What makes Nikki’s perspective especially valuable is that she doesn’t traffic in fear for its own sake. Her New Horizons model is fundamentally optimistic: there is a path forward, but it requires law firms to be honest about where they actually are, to invest in R&D the way every other industry does, to leverage their own data as a strategic asset, and to hire for the kind of creative, outside-the-box thinking that the current moment demands.

Closing Thoughts

As someone who has been in the legal technology space for years, building tools, talking to lawyers, and watching this industry evolve, I found Nikki’s keynote to be one of the most grounding and clarifying things I’ve heard in a long time. Not because it was comfortable, but because it was honest.

We are in the dilemma zone. I’ve felt it. Many of you have felt it. The pace of change is outrunning our ability to process it, let alone respond to it. And Nikki’s data makes clear that this is not a temporary condition that will settle down once the hype fades. The hype isn’t fading. The startups keep coming. The capital keeps flowing. The clients are now asking, sometimes demanding,?that their law firms use AI.

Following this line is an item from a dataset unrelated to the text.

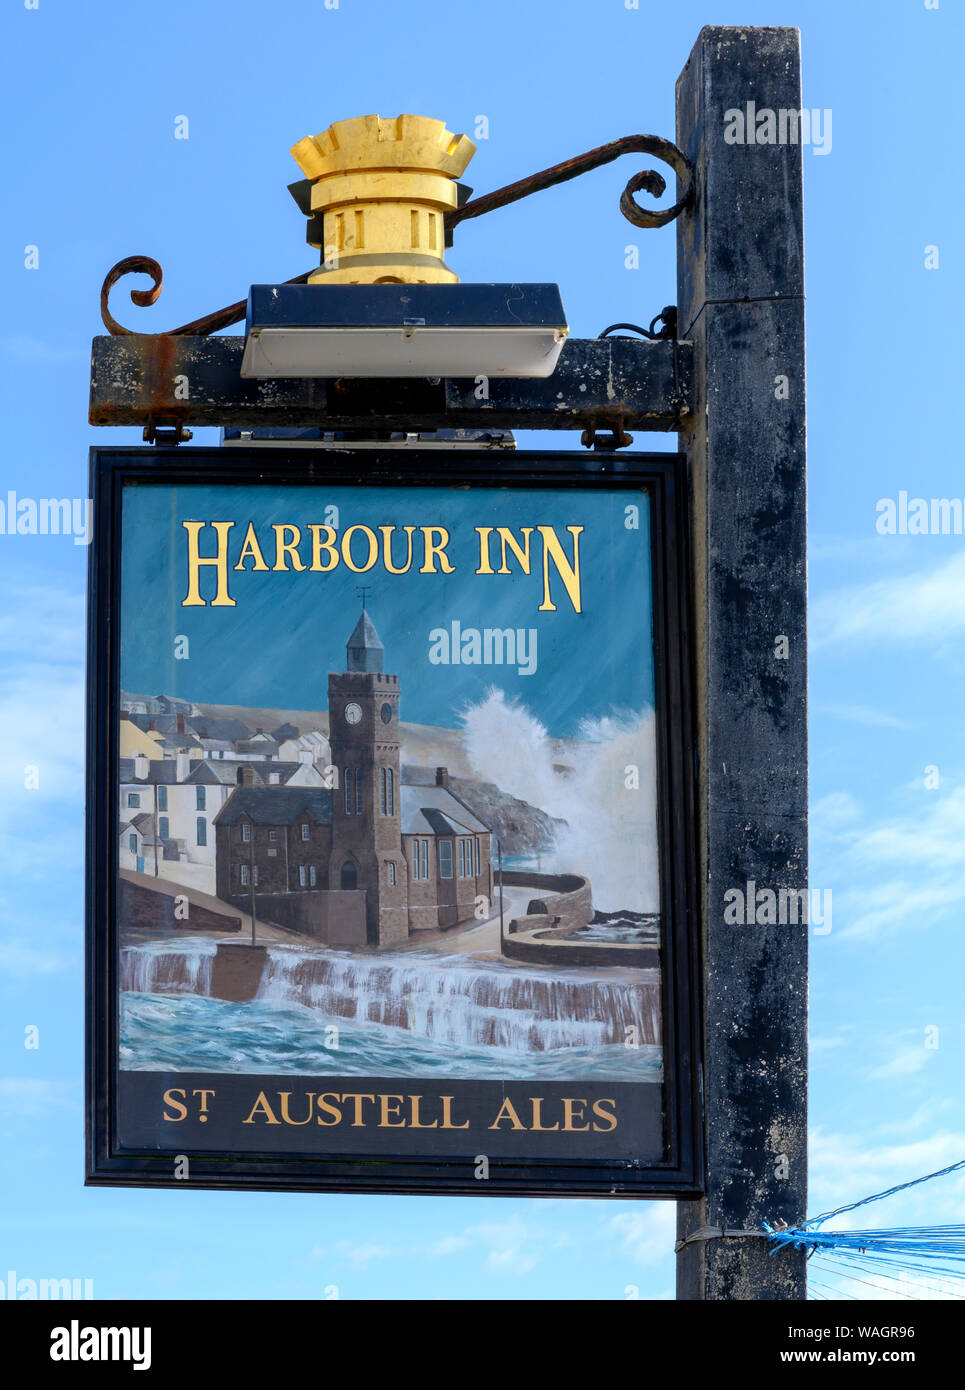 Hanging Pub sign at Harbour Inn - public house - Commercial Road, Porthleven, Cornwall, England, UK Stock Photo

What struck me most was the point about table stakes. So many firms have spent the last two years treating AI adoption as a differentiator, as a competitive edge. Nikki’s data says that moment is over. Everyone has Harvey or Legora or something similar. The question now is what you do with your own data, your own expertise, your own client relationships, how you build something that can’t be replicated by the next firm that licenses the same tool.

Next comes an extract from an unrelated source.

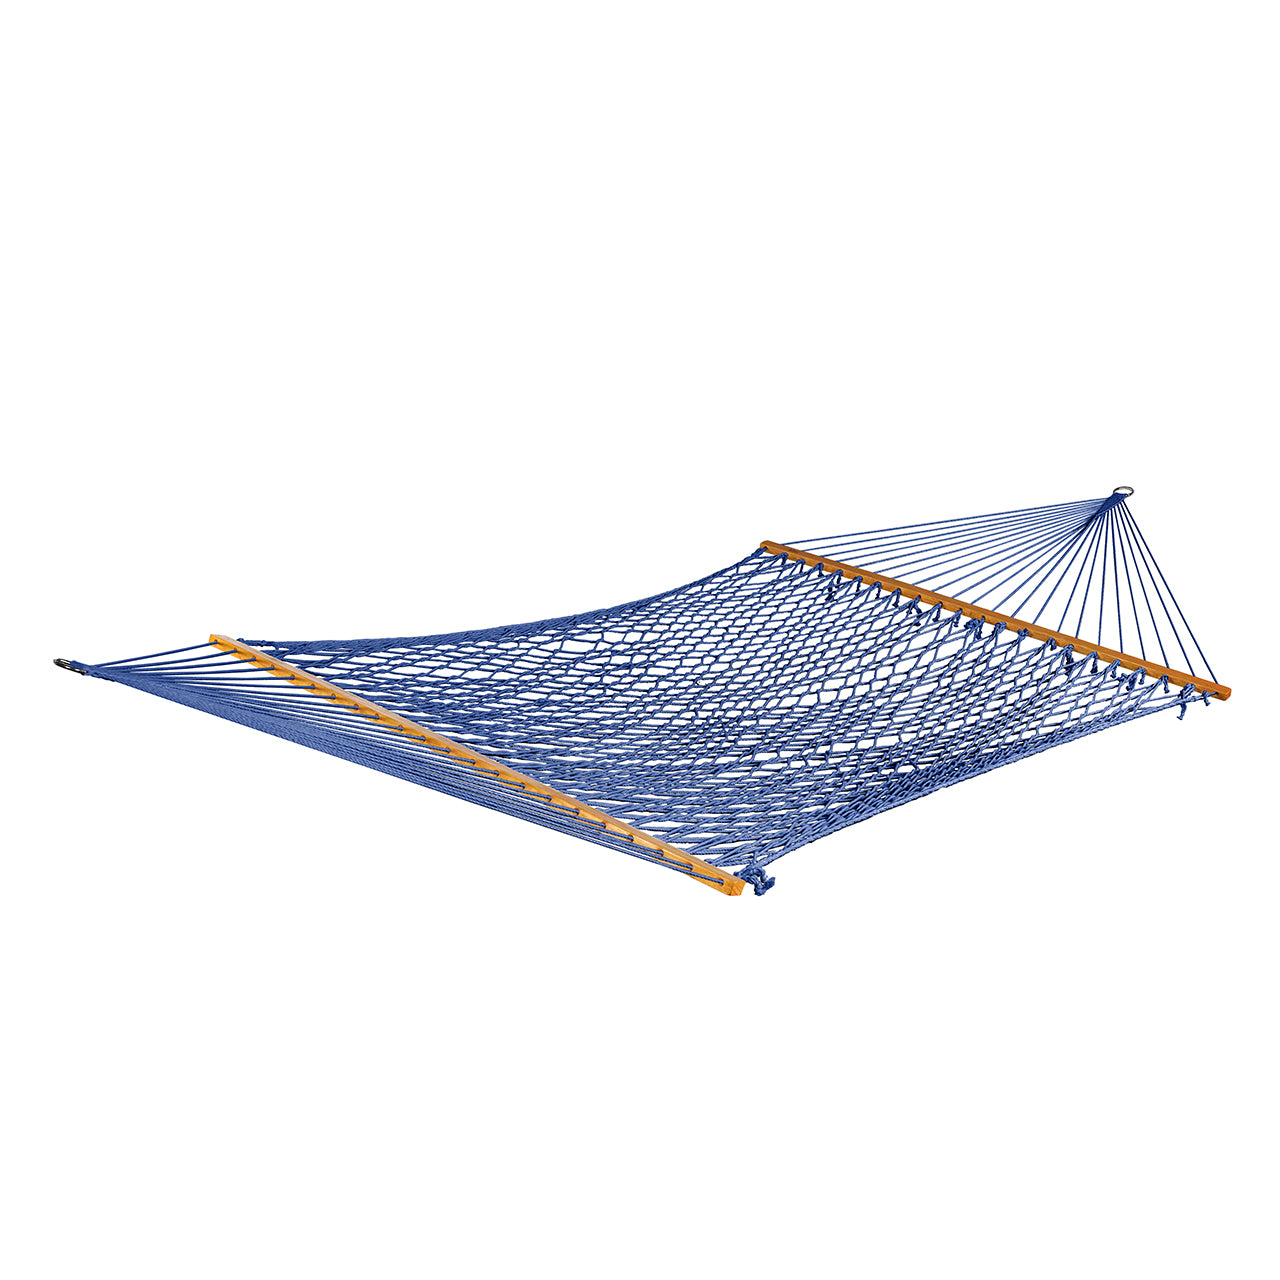 Bliss Hammocks 60-inch Wide Cotton Rope Hammock with Spreader Bar, S Hooks, and Chains in the blue variation.

For our Legal Rebels community, that is both the challenge and the opportunity. The firms and professionals who will thrive are those who don’t wait for the market to settle, who invest in building real capabilities now, and who are willing to reimagine what legal services can look like when AI is at the core of everything, not bolted on at the edges.

Now is the time. As Nikki said: if not now, when?